Thursday, December 17, 2015

Synthesis

I didn't really try to put together a generational model of stories. It started taking shape, though, after I had read through Generations and The Fourth Turning, and was understanding the larger model. I started seeing patterns visible in works from Harry Potter to Hamlet, from Buffy to Gatsby. Some of it was - and probably still is - confirmation bias and apophenia. There still seems to be something there, though, and that's what I'll be digging into here.

This is is a synthesis of observations, like the generations of filmmakers, with expectations from the model, like the personality traits. There are parts that start from the books, such as Luke, Han and Obi-Wan being Hero, Nomad, and Prophet. Others were observations that appeared unasked, probably because they follow easily -  that the 75th Hunger Games, and the Crisis they unleash, are right about when we expect it (~80 years after the Dark Days, clearly the previous Crisis). Still others are attempts to fit observations, hopefully without forcing them. One of these would be what happens with the generations of filmmakers - why there is this perceived change with new generations.

 There are three particular interactions with the generational model that will be considered:

First are the characters themselves and what archetypes they fit.   Are they intensely moral and pure of purpose? Are they misfits and criminals? Are they trying to follow the rules, or is the story about breaking them? Do they match with the attributes predicted by Strauss & Howe, and does that affect how the story works? 


Second is the question of where the characters fit in an historical context. Is there a major war going on, suggesting it's a Crisis period? Or do people talk about a war in the recent past, and what they did there? Are there strong religious or spiritual implications for what is happening, suggesting an Awakening? 

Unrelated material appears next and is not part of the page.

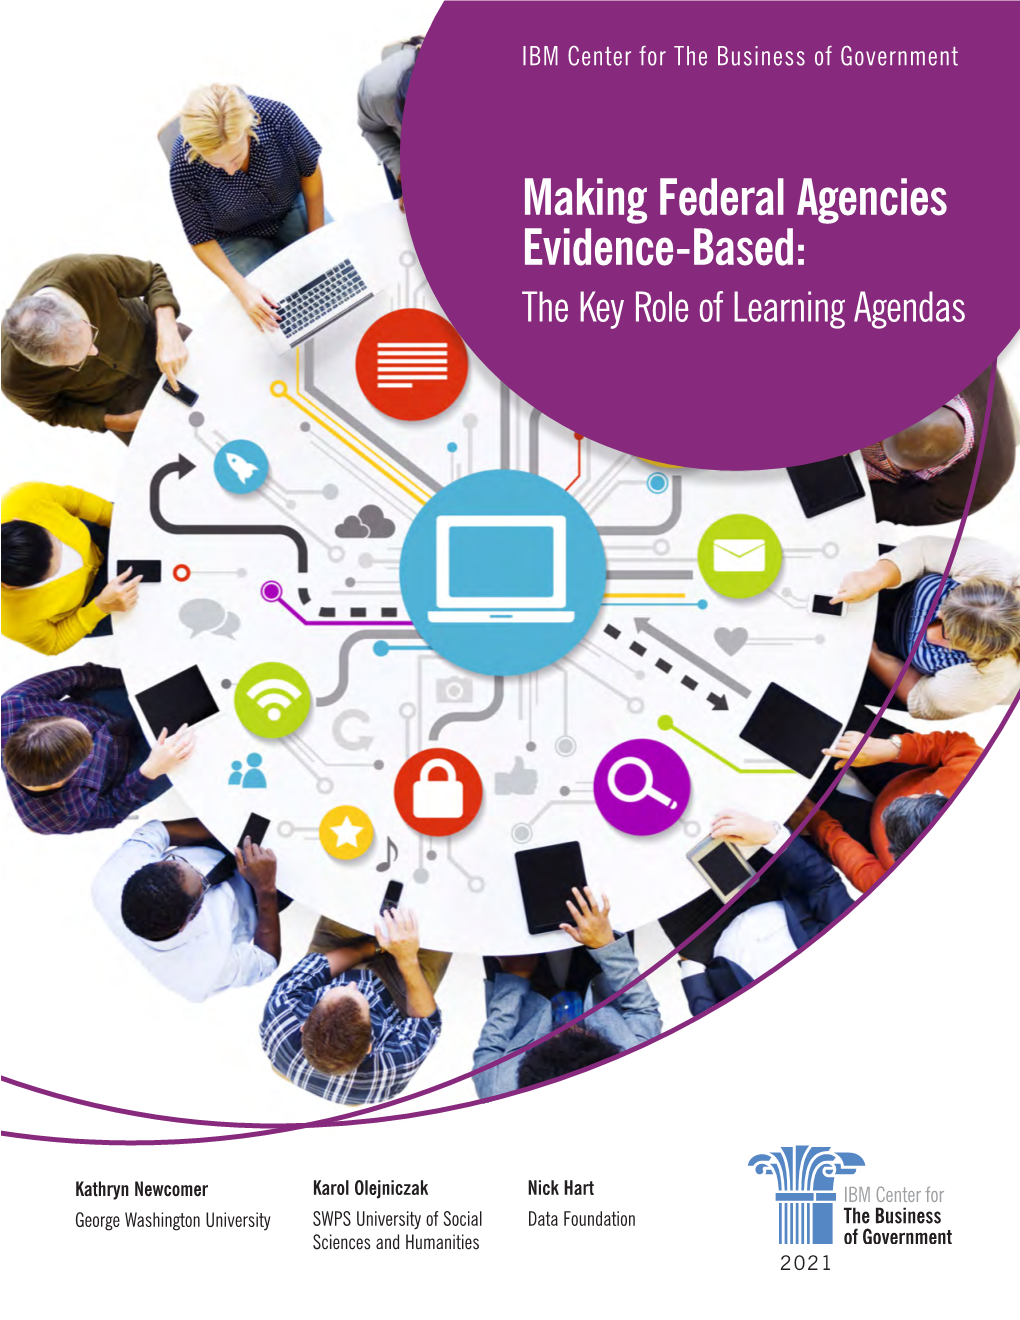 Making Federal Agencies Evidence-Based: the Key Role of Learning Agendas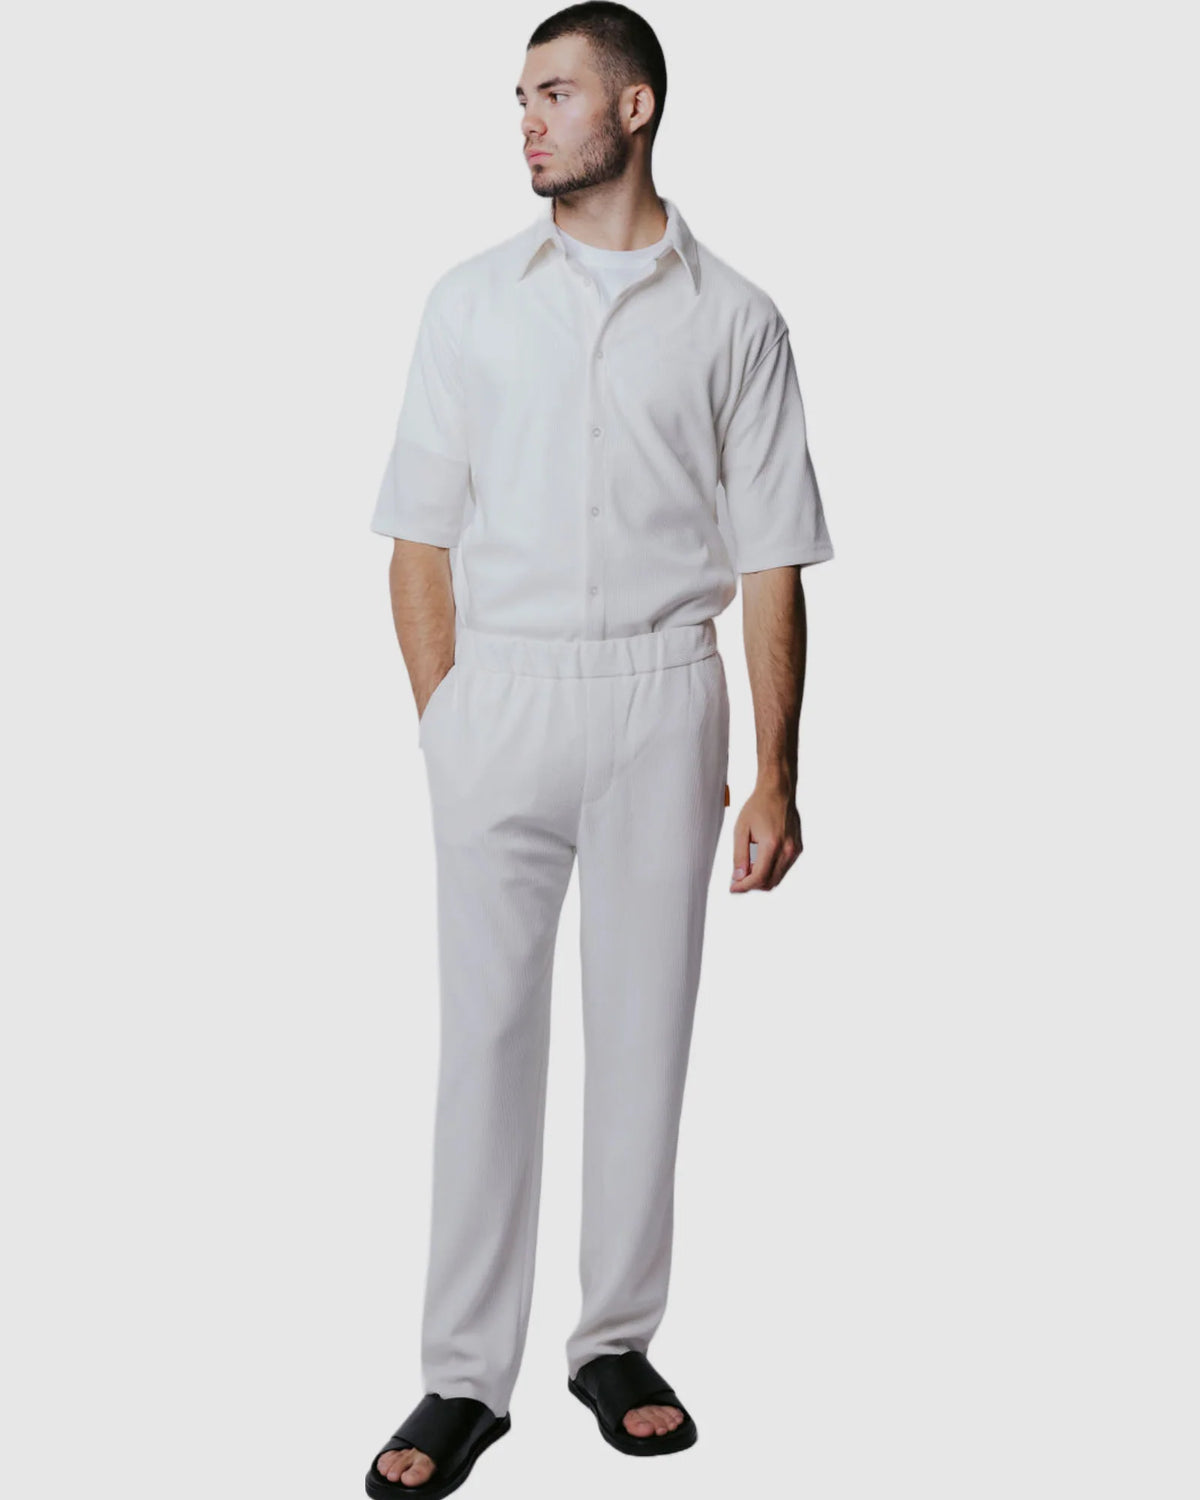 Justin Cassin Abade Pleated Pants in White Color 2

For stories set in the present day, this may not be immediately useful, since we should already know what's happening, now. Eventually, though, signposts to the past become helpful - that The Best Years of Our Lives is immediately after a Crisis war is an important item to know, for a trivial example. It's even more helpful with historical, speculative, or science fiction, where there may be hints we can glean from noting, say, that there sure are a lot of soldiers around the Bennet sisters.

Finally, there appear to be particular kinds of stories that break well along generational lines. The relatively recent GenX films aren't quite the same as the Boomer stories before them, or the (presumably) Artist stories before that.  It's as if particular generations want to create narratives that fit a more general narrative structure that is comfortable to them. We might expect, for example, that Heroes write Hero stories, ones that hew closer to Joseph Campbell. Does the story match the creator, or are there other influences?

That third one is what's up next. It's more than simply an attempt to explain what distinguished the mid-90s Xer filmmakers from the mid-70s Boomers. It suggests what different stories there are for different generations to tell.